Der Lukmanier bildete die Lebensader des Kl.s und seines Territoriums. D. war die alleinige Hüterin des Passes, an deren nördl. Zugang Hospize zur Sicherung entstanden: die Galluskapelle mit Hospiz (1261 erwähnt) und St. Maria auf der Paßhöhe (1374). Kl. und Cadí (Klosterstaat) organisierten den Transport, unterhielten Brücken und Straße. Susten dienten als Warenlager. D. verpflichtete sich 1261 vertragl. zur Gewährung des Geleitschutzes. Dem im 14. Jh. zunehmenden Warenverkehr trugen der Vertrag von 1376 zw. der Cadí/Kl. und dem südl. des Passesgelegenen Bleniotal und die 1391 neu angepassten Transittarife für den Verkehr zw. der Lombardei und dem Bodenseeraum Rechnung. Seine geograph. Lage brachte D. ins Blickfeld otton. und später stauf. Paßpolitik. 1164 und 1184 war Ks. Friedrich Barbarossa Gast im Kl.

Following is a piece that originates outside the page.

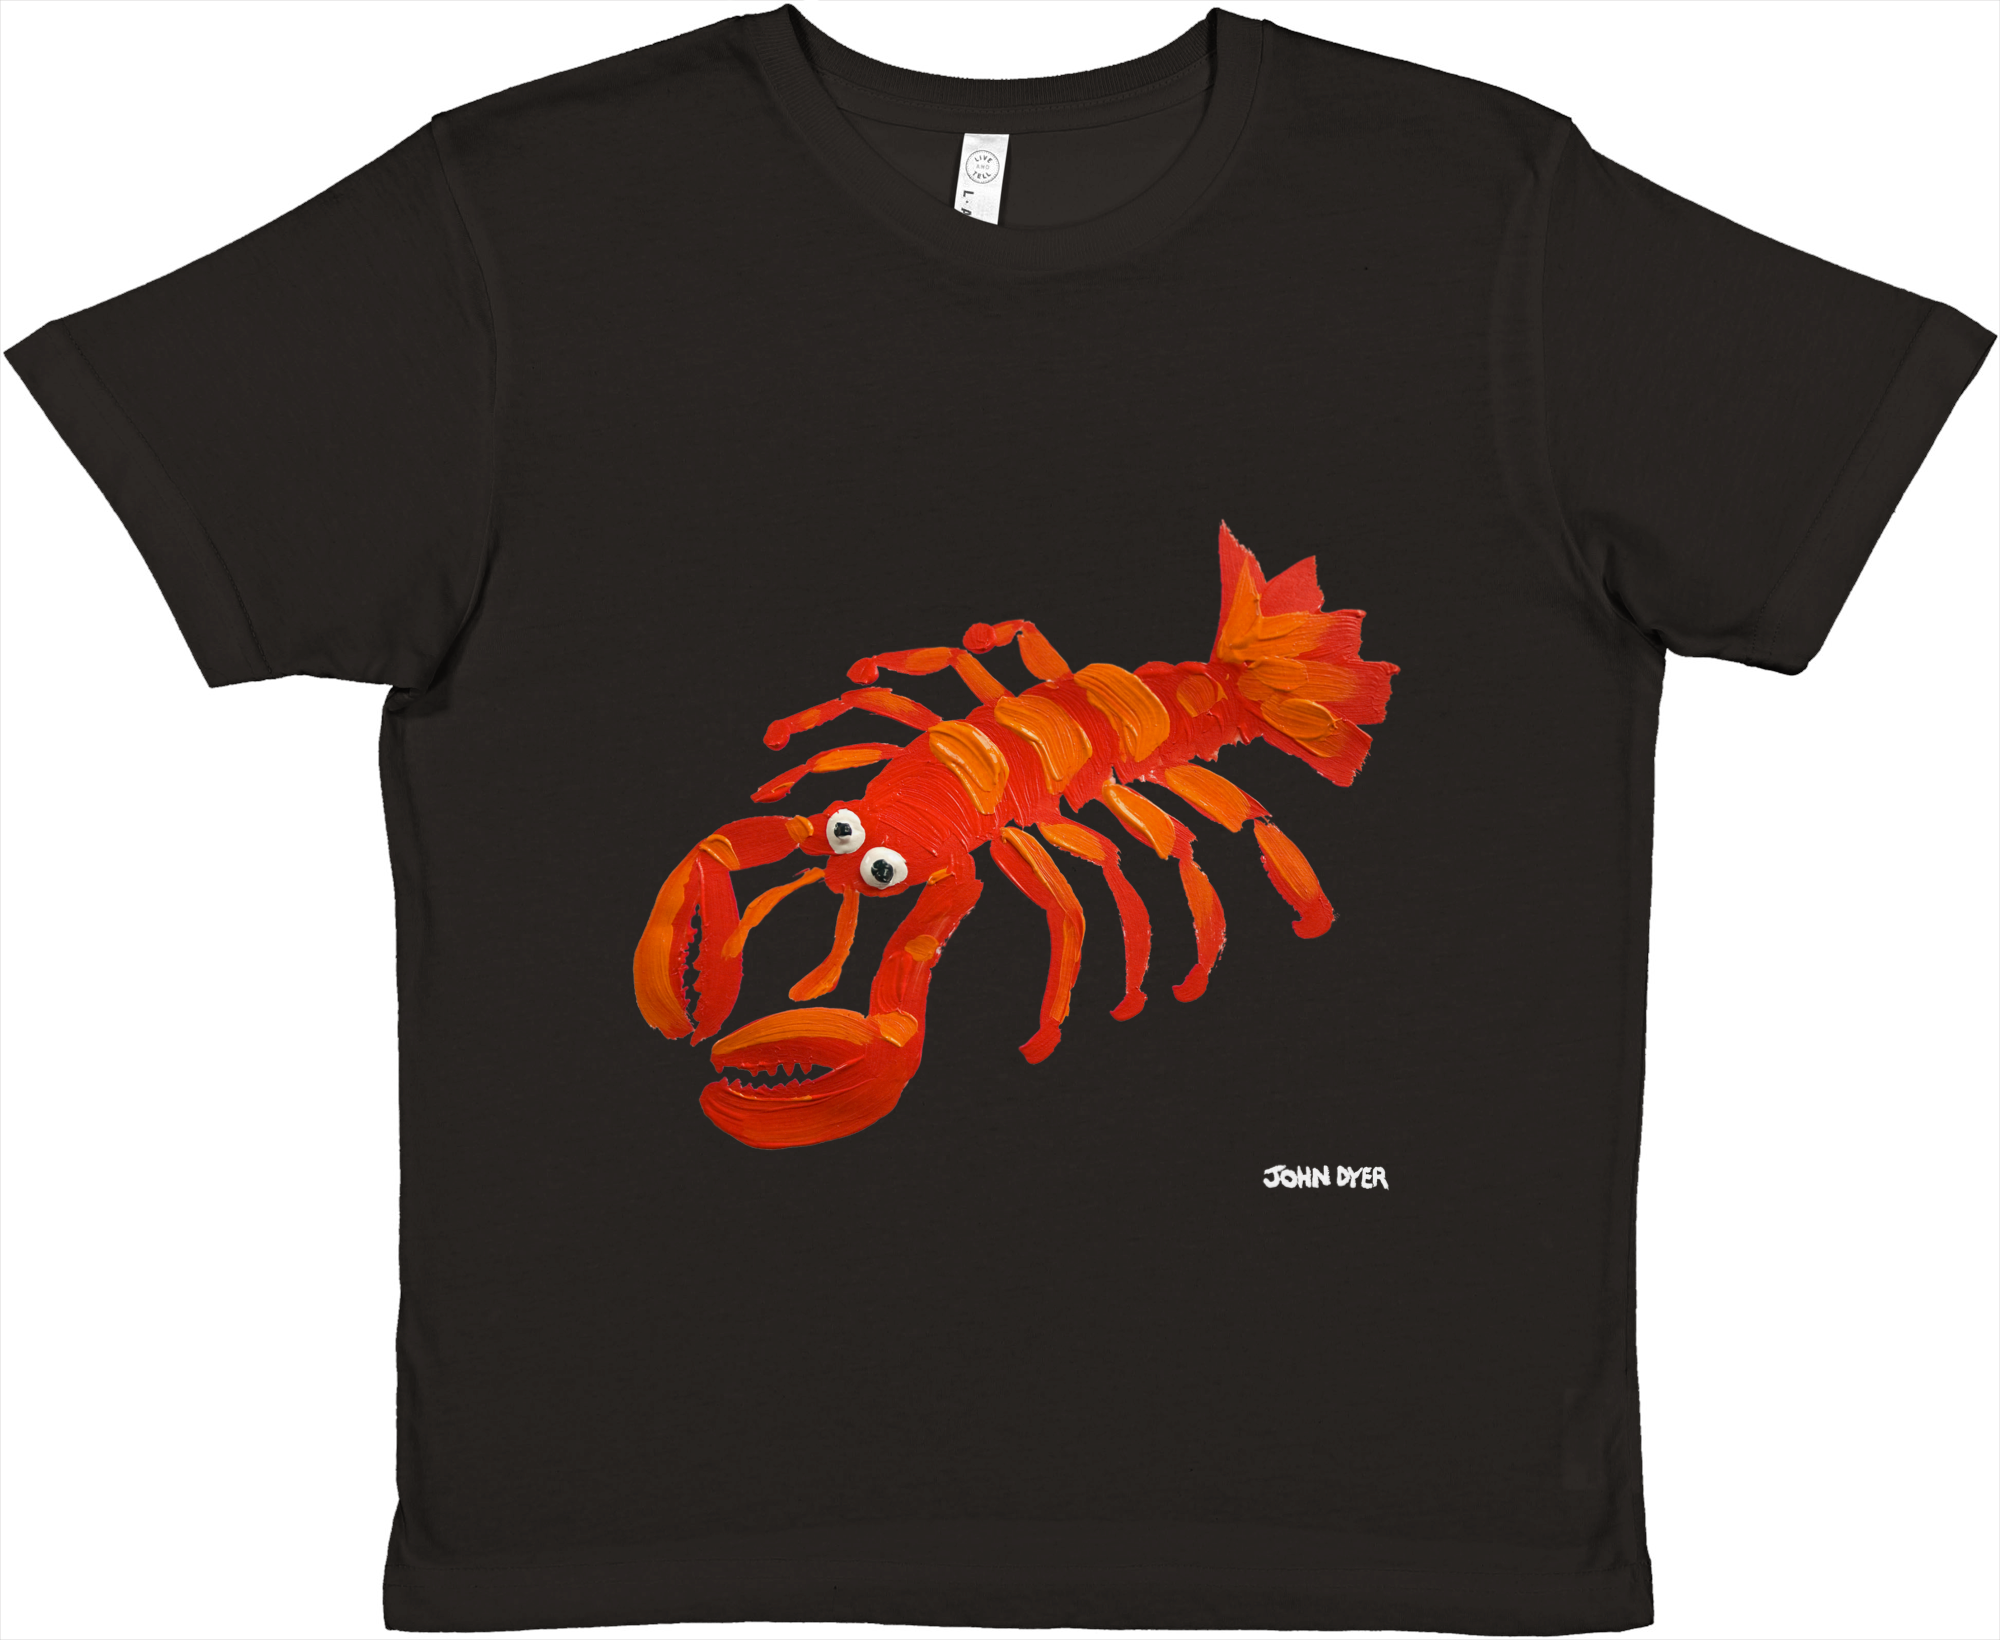 Cornish Lobster kids art t-shirt by John Dyer
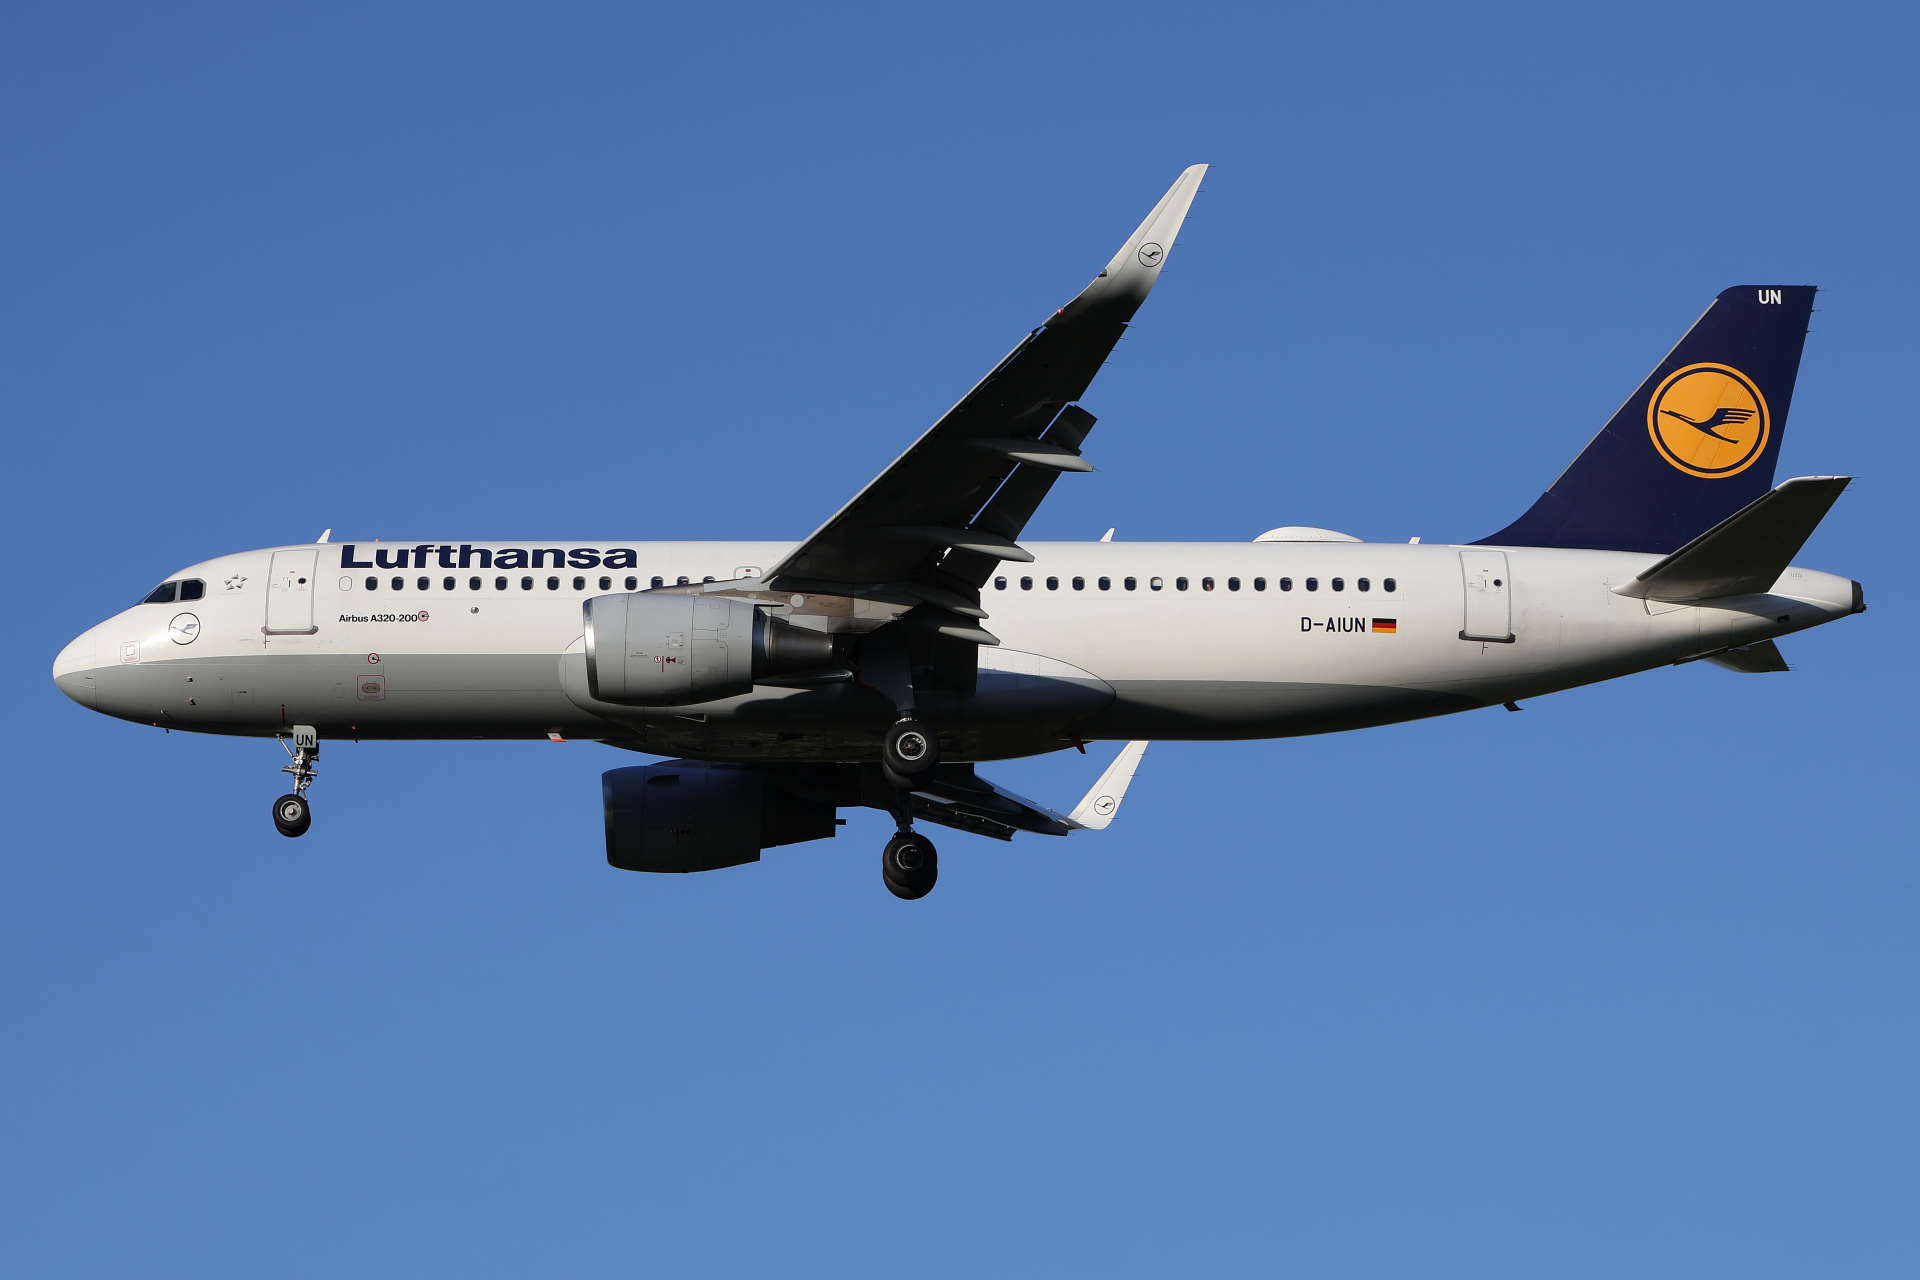 D-AIUN (Aircraft » EPWA Spotting » Airbus A320-200 » Lufthansa)

Der D.er Klosterstaat war seit dem 12./13. Jh. geschützt durch einen Kranz von Burgen klösterl. Ministerialen: der engere Immunitätsbezirk rund um D. durch zwei Burgen der Ritter von Pontaningen und später der Ritter von Tavetsch, die östl. rheinabwärts gelegene Grenzregion durch die drei Befestigungen Cartatscha, Fryberg und Ringgenberg.

III.

Das Kl. wurde um 750 am Grab des fränk. Wandermönchs Sigisbert und seines rät. Freundes Placidus gegr. Um 950 fiel die karoling. Anlage den Sarazenen zum Opfer. Über die hoch- und spätma. Klosteranlage, an der wg. zahlr. Brände (1387, 1514, 1621) immer wieder flickend und ergänzend gearbeitet wurde, gibt eine Zeichnung aus der zweiten Hälfte des 17. Jh.s Auskunft. Zwei nebeneinanderstehende dreiapsidige Kirchen (St. Martin und St. Maria) mit einem gemeinsamen Kirchturm und der davorliegenden Peterskapelle bildeten die sog. Kirchenfamilie von D. Westl. daranangehängt waren die Konventgebäude. Im Parterre des Nordflügels war der Kreuzgang untergebracht, der den Äbten auch als Grablege diente. Die Enge der Gebäude bot nur Platz für neun Mönchszellen, die im beginnenden 17. Jh. angesichts steigender Novizenzahlen teilw. doppelt belegt waren. An den Besuch des Mailänder Ebf.s und Promotors der Tridentinischen Kirchenreform, Karl Borromäus, 1581 erinnerte der reich ausgestattete Karlssaal. Das Konventquadrum umschloß einen fünfgeschossigen und zinnenbewehrten Wohnturm, der mit der wohl im 13. Jh. errichteten und 1484 auf 3 m erhöhten Umfassungsmauerdem Kl. einen festungsartigen Ausdruck verlieh. An der Umfassungsmauer lagen die Stallungen für Pferde und Schafe, das Knechtenhaus mit Brunnenanlagen und das Krankenhaus. Auf der Wiese östl. der beiden Kirchenchöre stand die Gerichtslinde und unweit davon entfernt der Galgen. Größere Gartenanlagen befanden sich südl. und nördl. der Konventgebäude.

Im Zusammenhang mit 1498 in der Martinskirche durchgeführten Umbauten entdeckte man die alte spätmerowing. Krypta mit dem Sarkophag der Klosterhl. Placidus und Sigisbert. 1502 wurde bei Ivo Strigel ein neuer Renaissance-Sarkophag und beim Feldkircher Gold- und Silberschmied Konstantin Müller ein silbernes Brustreliquiar zu Ehren der wiederentdeckten Heiligen bestellt. Der Tag der Auffindung (14. Febr.) wurde zum liturg. Feiertag erhoben und es setzte ein rege Wallfahrt zu den D.er Klosterheiligen ein.

Seit dem Abbatiat von Augustin Stöcklin (1634-41) war klar, daß die überkommene Klosteranlage zu klein war, um einem reformwilligen Konvent den nötigen Aufwind geben zu können. 1675 setzten konkrete Planungen ein zum Bau einer modernen, barocken Anlage.